• WORK ORDER
Drop every picture, then transcribe the remaining data exactly.

• RAW DATA
* * *

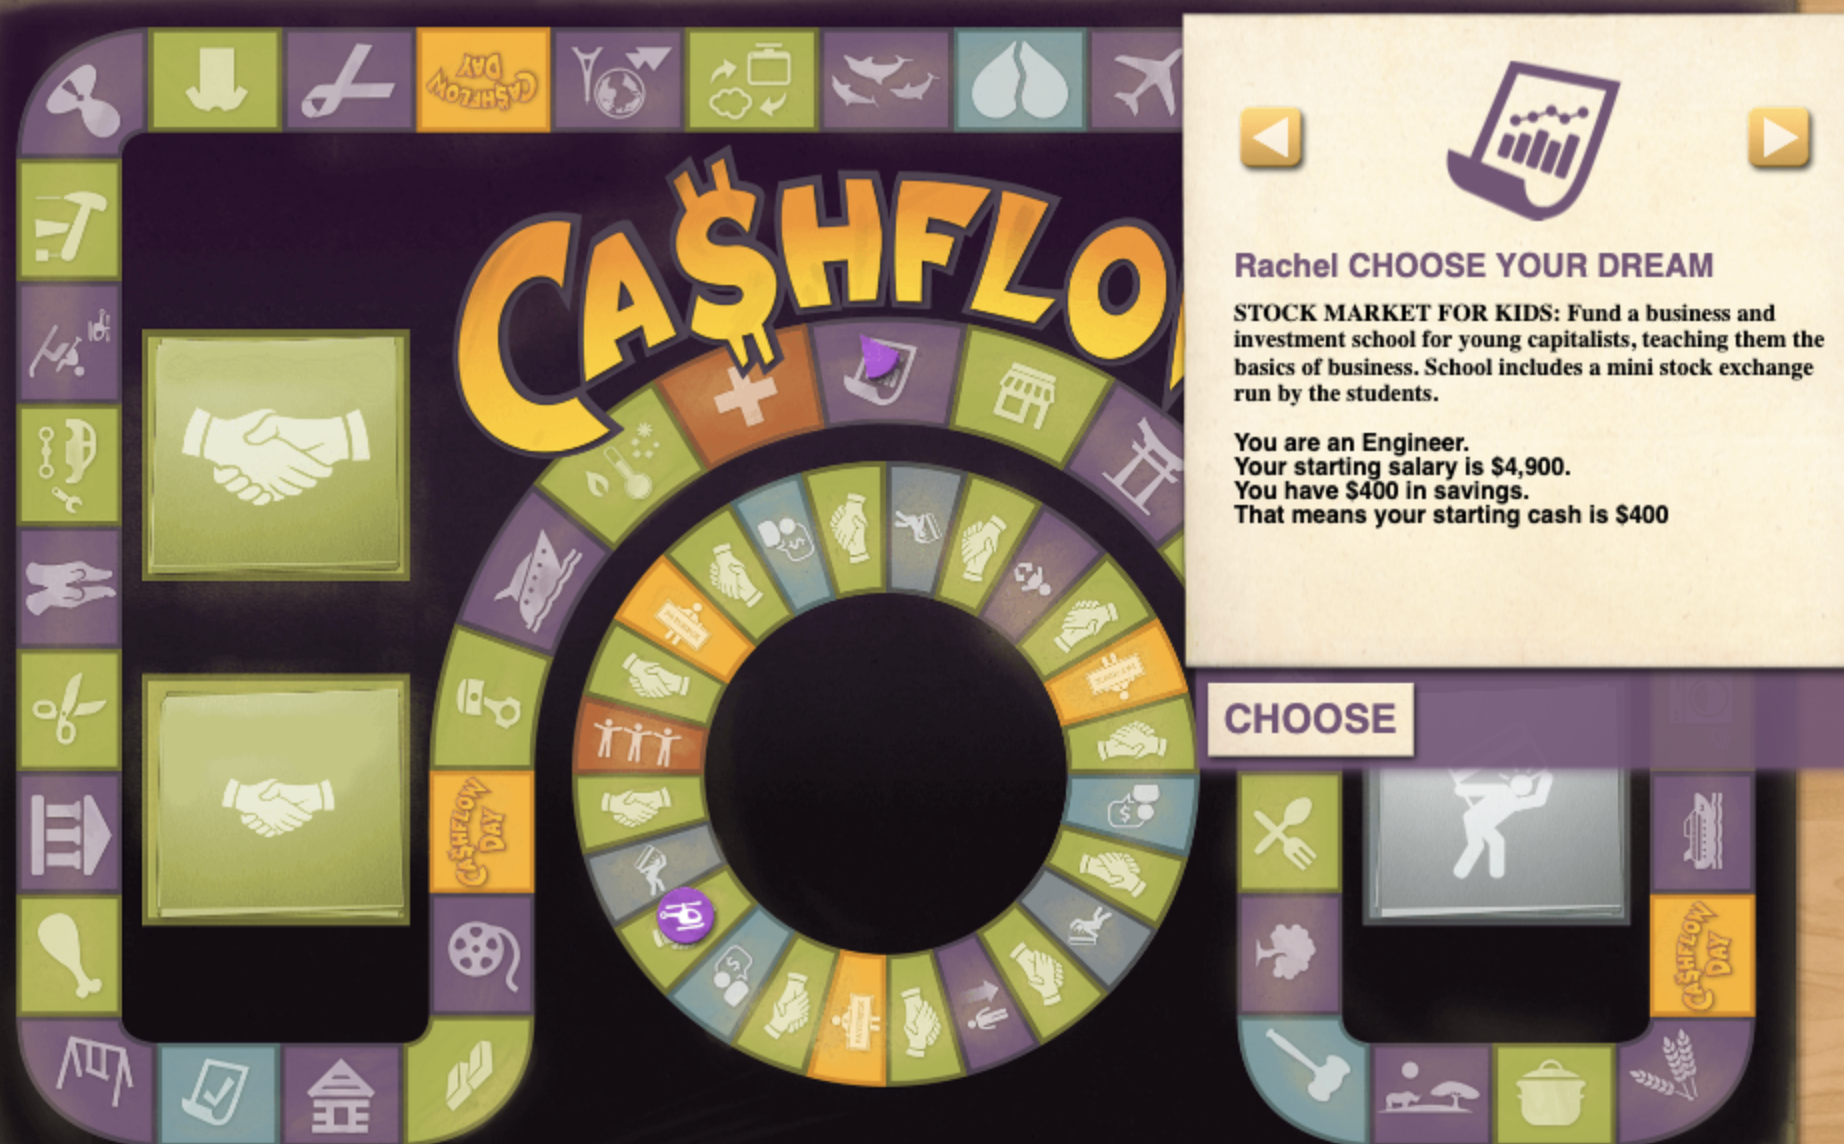 How To Play CashFlow Online for Free - Tips and Tricks to Play Fast and  Learn More! 
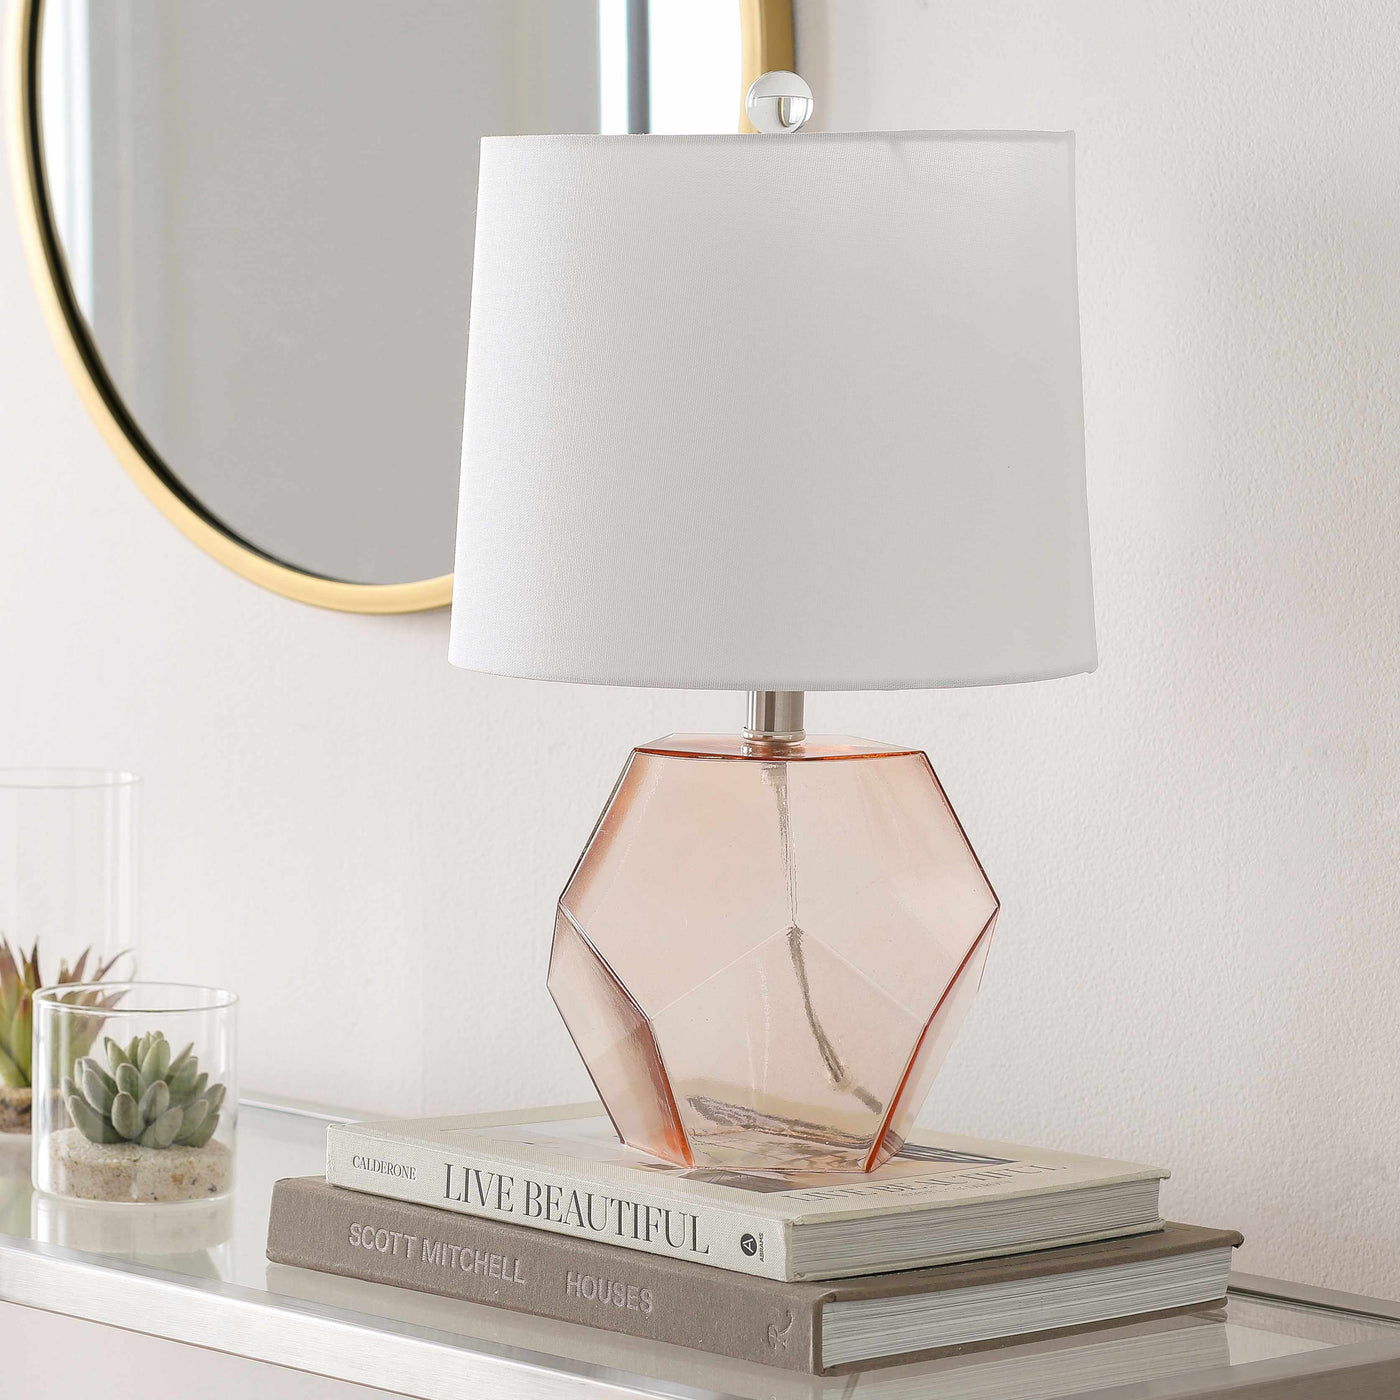 Jantianon Table Lamp
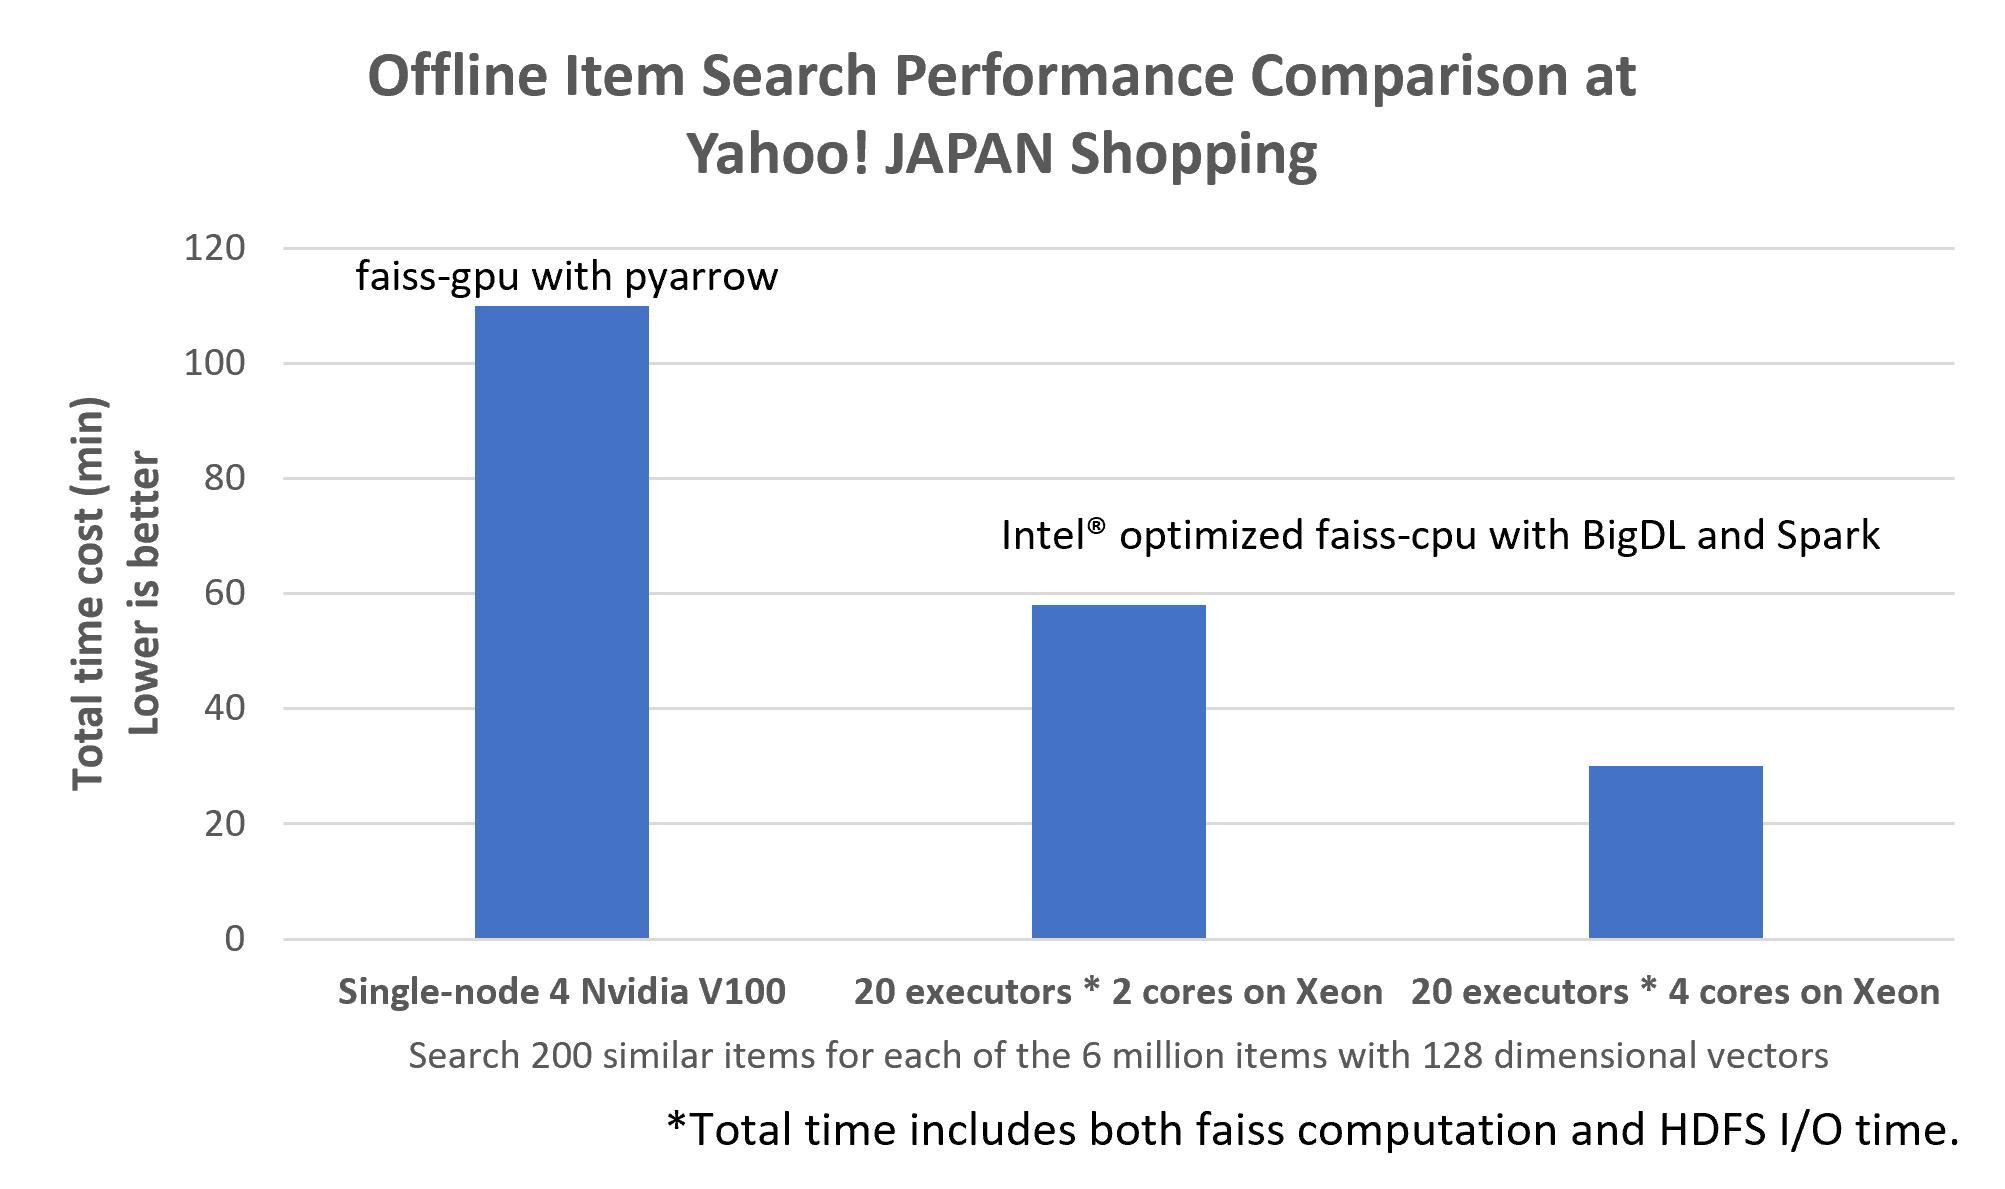 Offline Item Search Performance Comparison Results

* * *

• ANSWER FOR THE TASK
 How To Play CashFlow Online for Free - Tips and Tricks to Play Fast and  Learn More! 
 Jantianon Table Lamp
 Offline Item Search Performance Comparison Results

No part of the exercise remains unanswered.